* WORK ITEM
Omit all pictures. Quote the lines from the one with "TUTO changement ou" through the end of the listing below, exactly as they appear.

* THE DATA
•••••
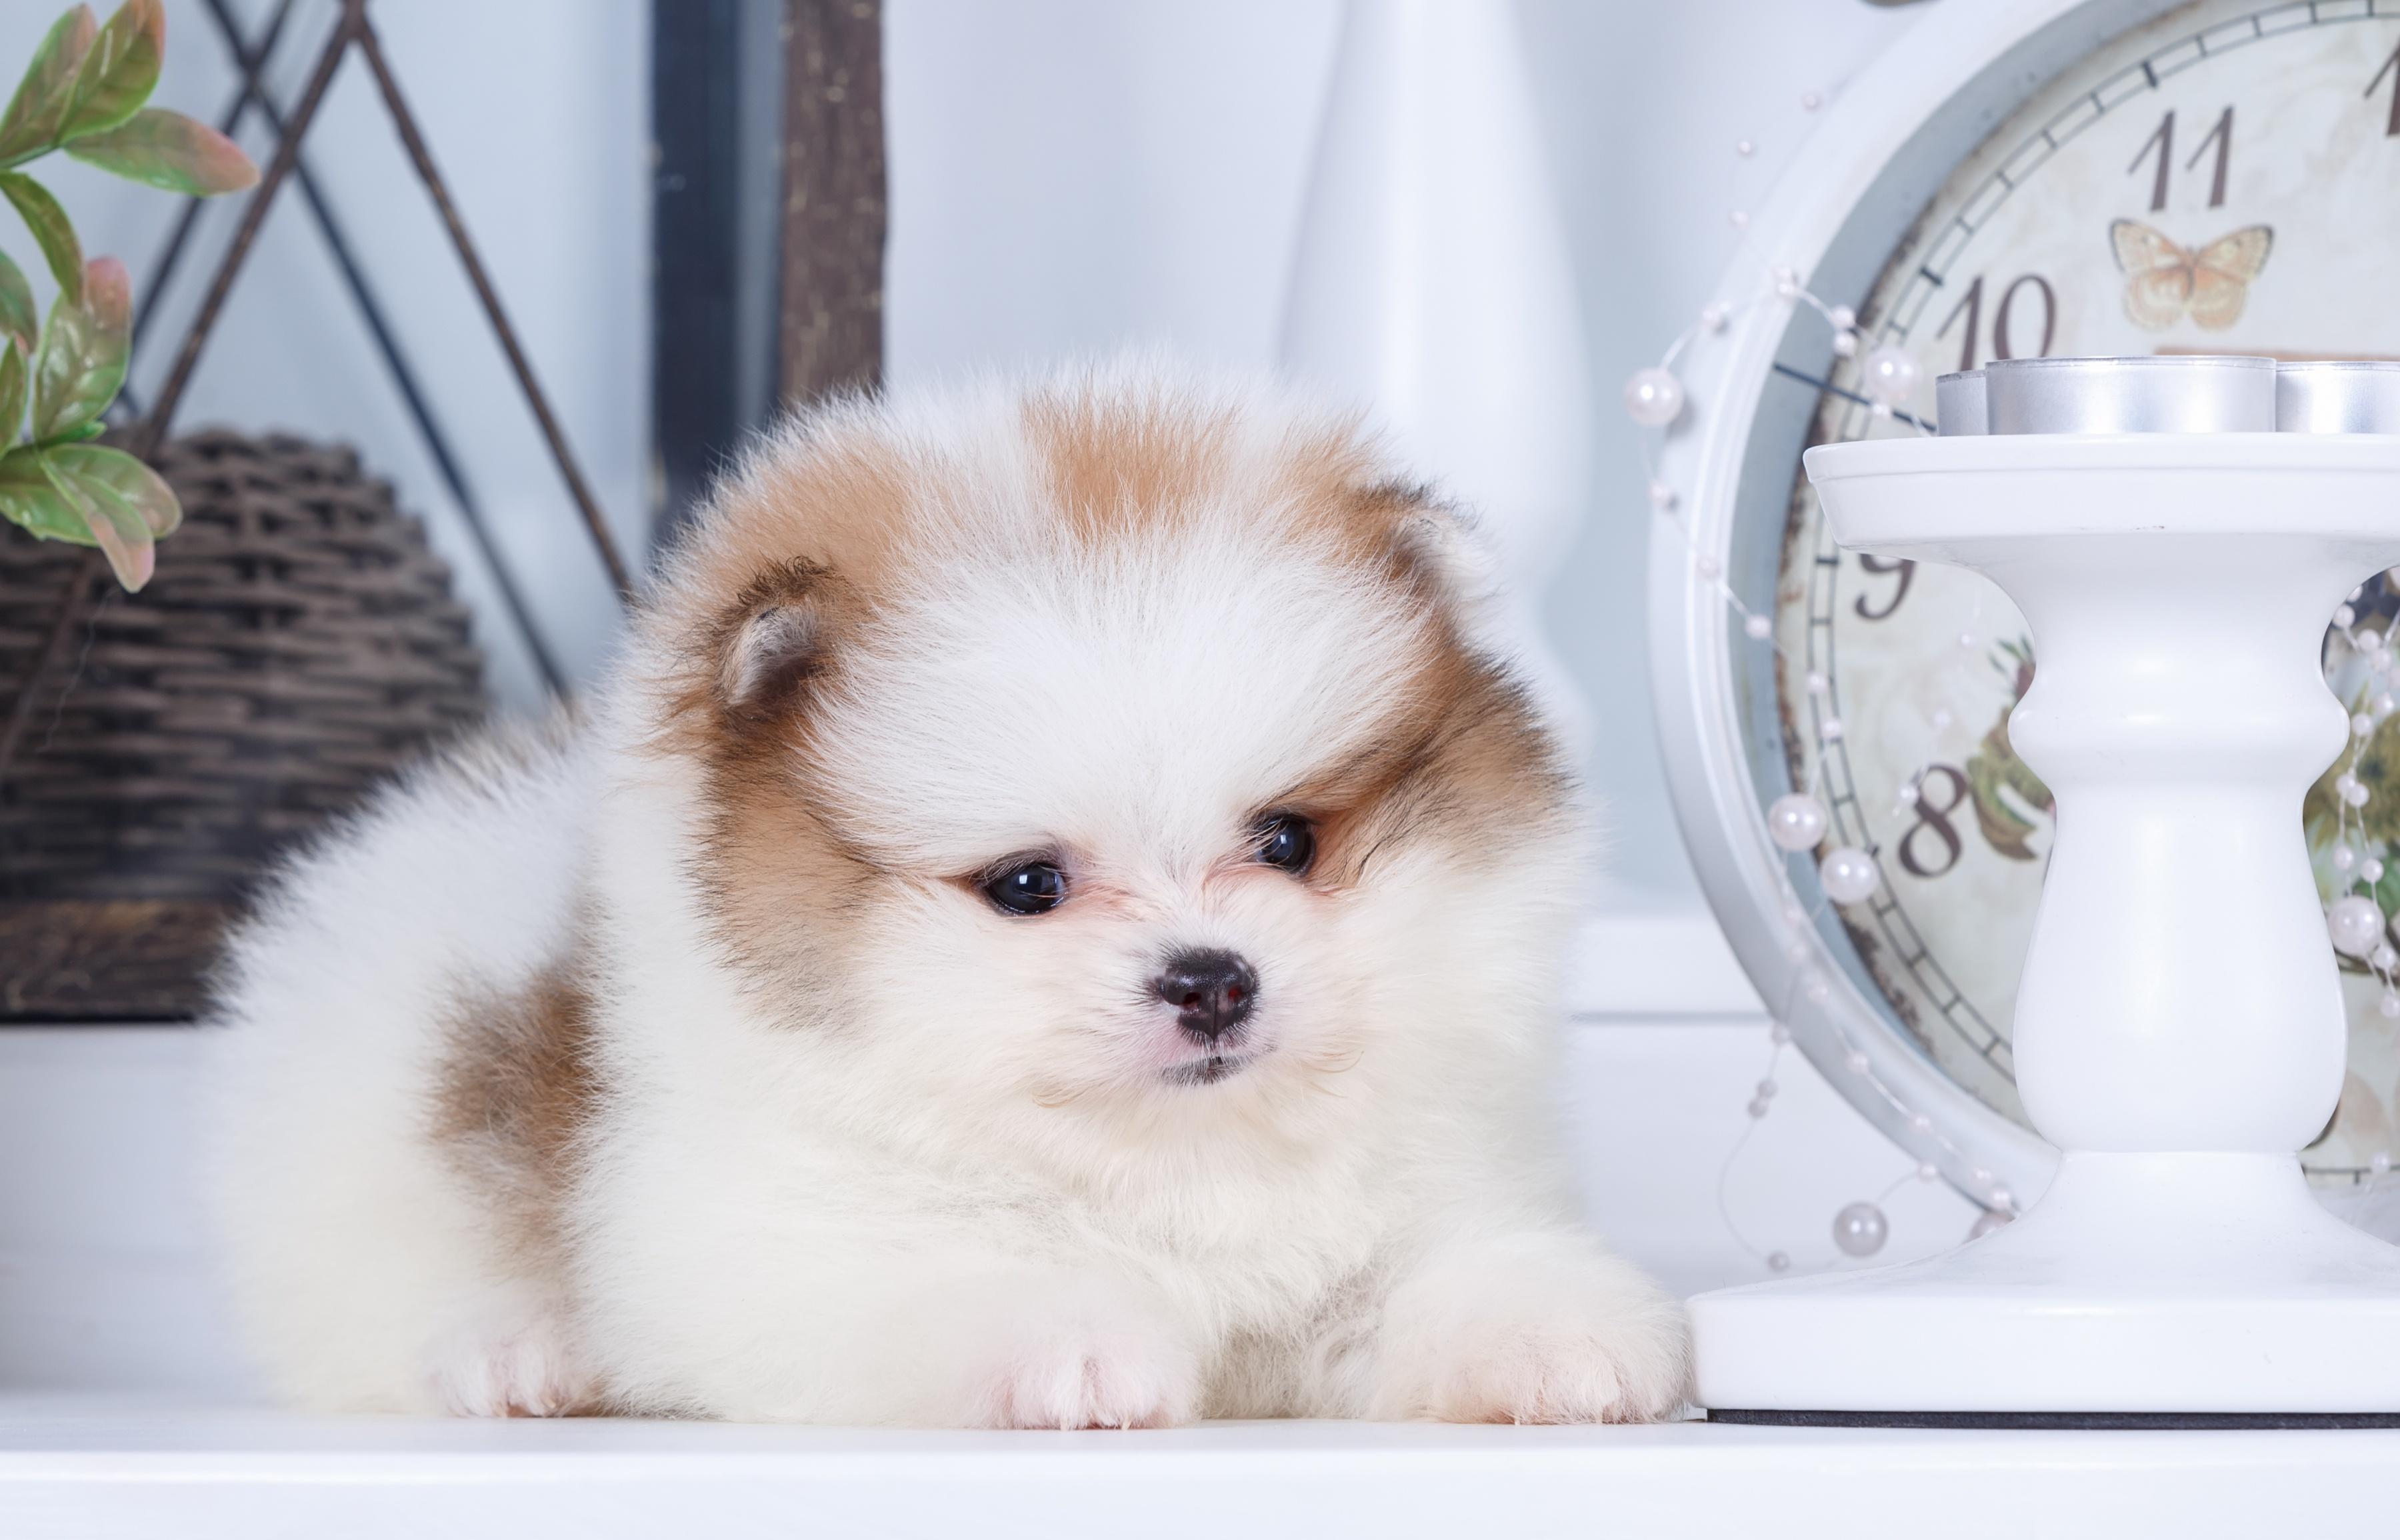 белые собаки щенки животные розовый фон  № 2918065 бесплатно
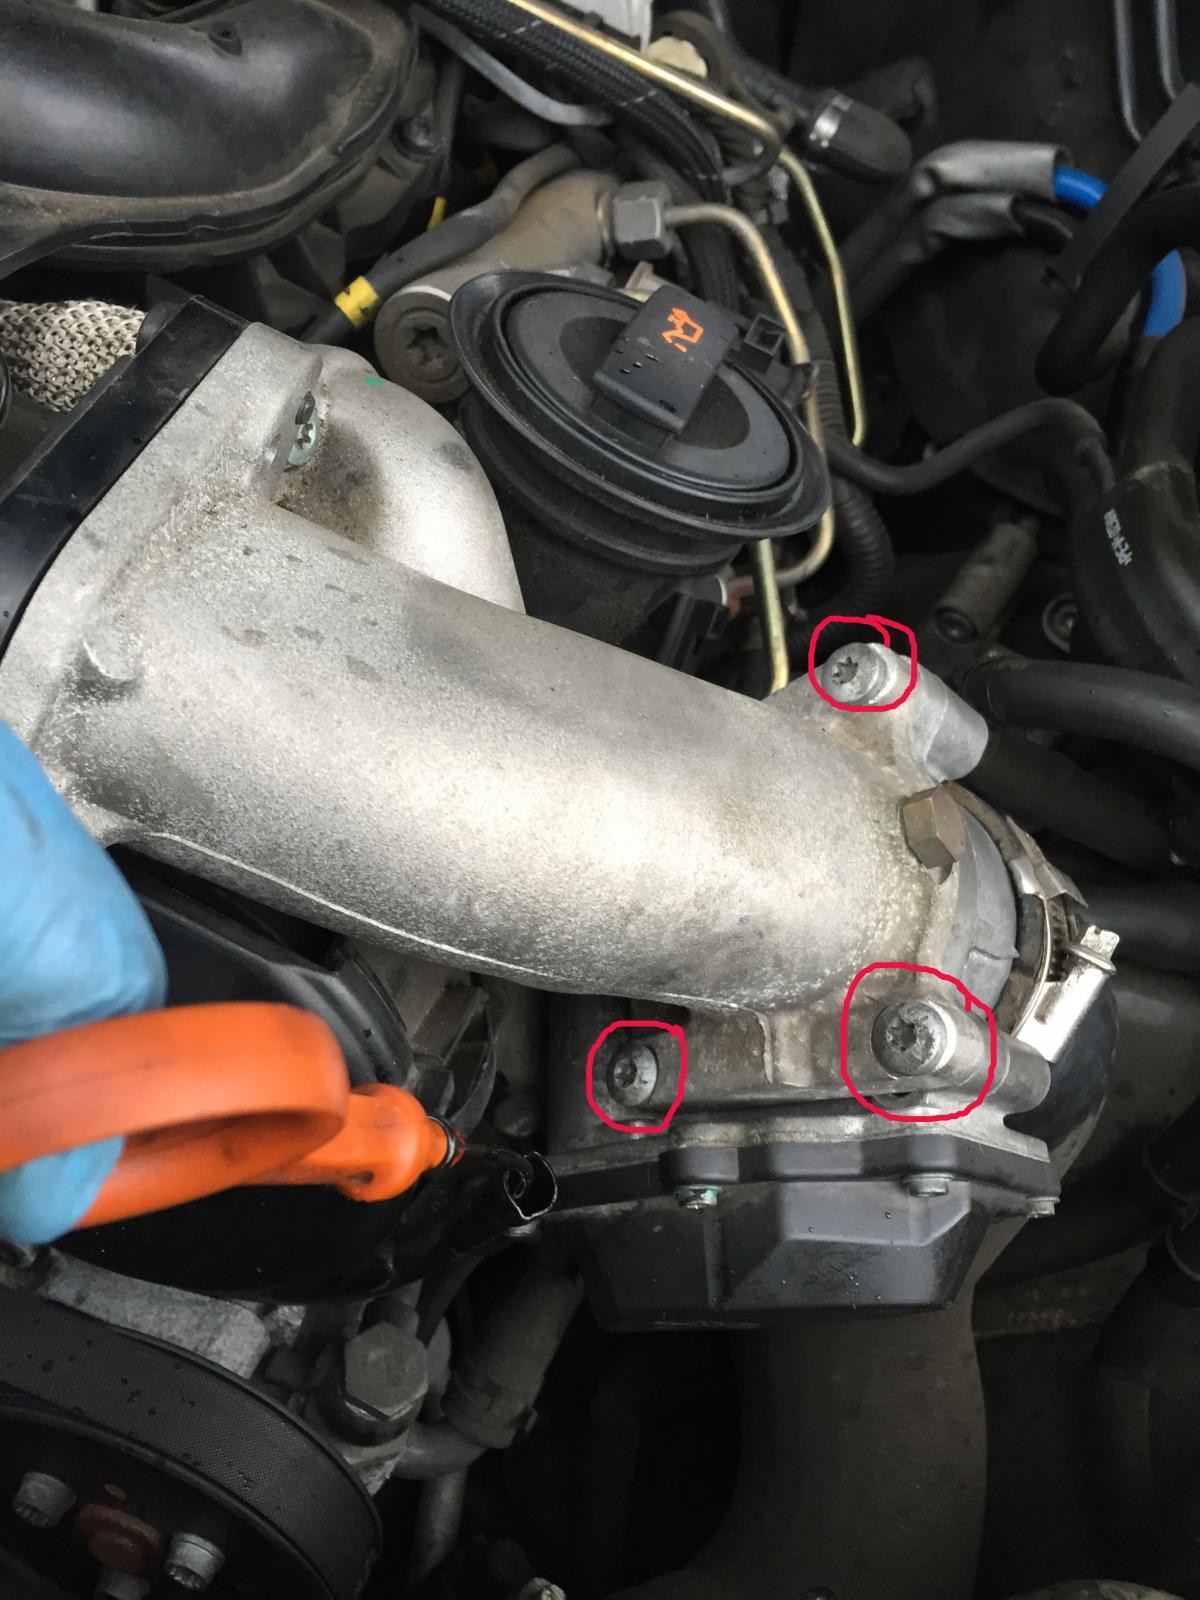 TUTO changement ou réparation boitier papillon Q7 V6 3.0 TDI ...
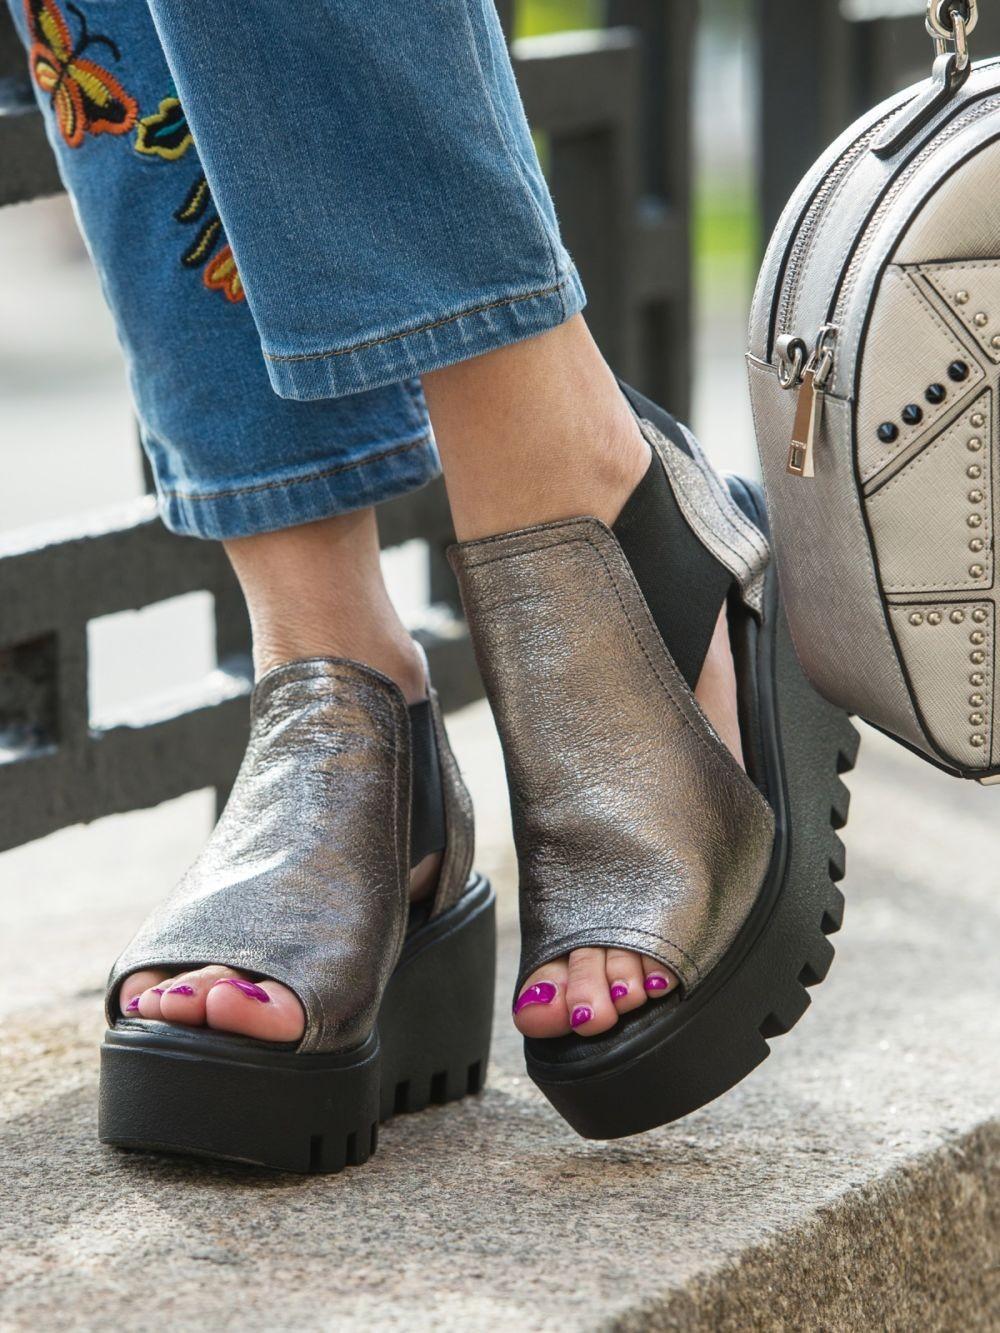 босоножки обувь на тракторной подошве с чем носить под синие джинсы
•••••
* SOLUTION TO THE EXERCISE
 TUTO changement ou réparation boitier papillon Q7 V6 3.0 TDI ...
 босоножки обувь на тракторной подошве с чем носить под синие джинсы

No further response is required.